Exercise objective: Reproduce the entries below exactly, but only from the line containing "Black and white" to the line containing "A Plant based", inclusive.

Given data:
● ● ● ● ●

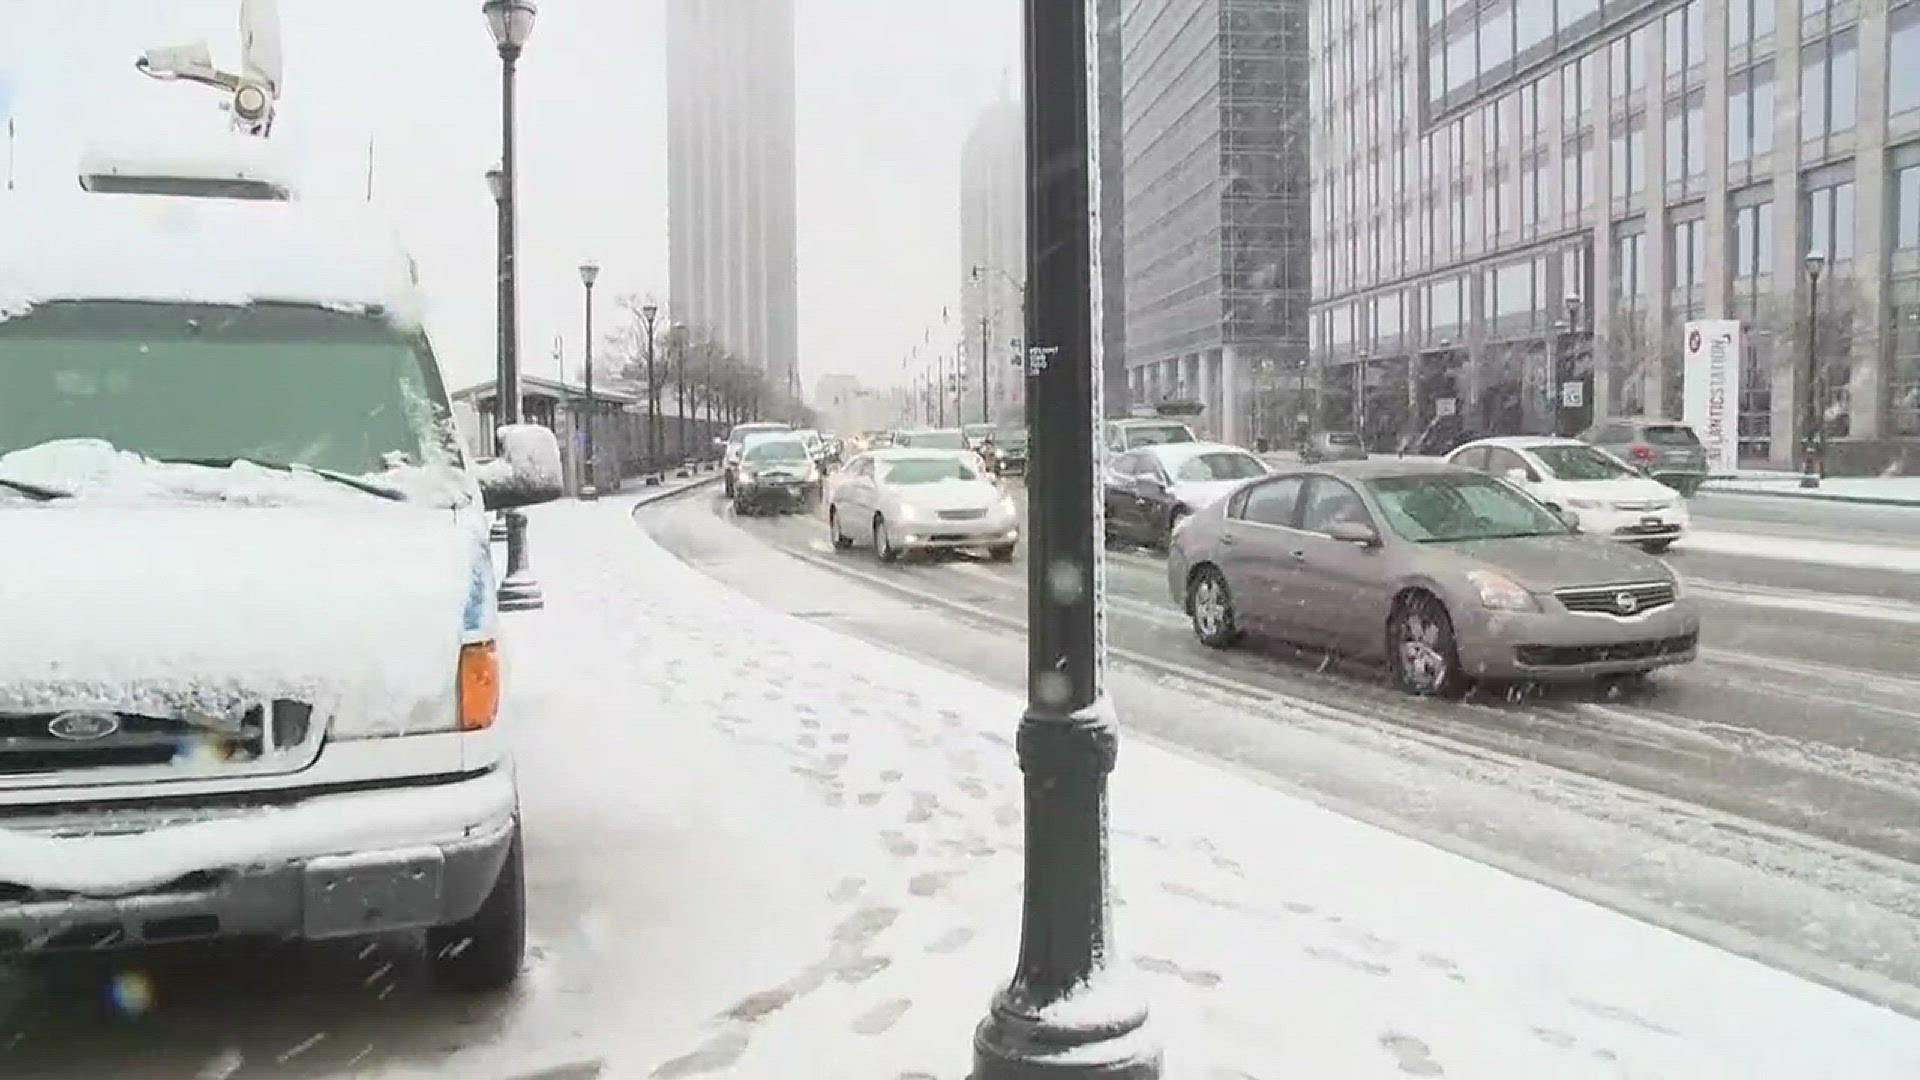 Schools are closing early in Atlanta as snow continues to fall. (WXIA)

● ● ● ● ●

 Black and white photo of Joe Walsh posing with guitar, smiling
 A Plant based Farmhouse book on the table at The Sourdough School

● ● ● ● ●

Output below:
 Black and white photo of Joe Walsh posing with guitar, smiling
 A Plant based Farmhouse book on the table at The Sourdough School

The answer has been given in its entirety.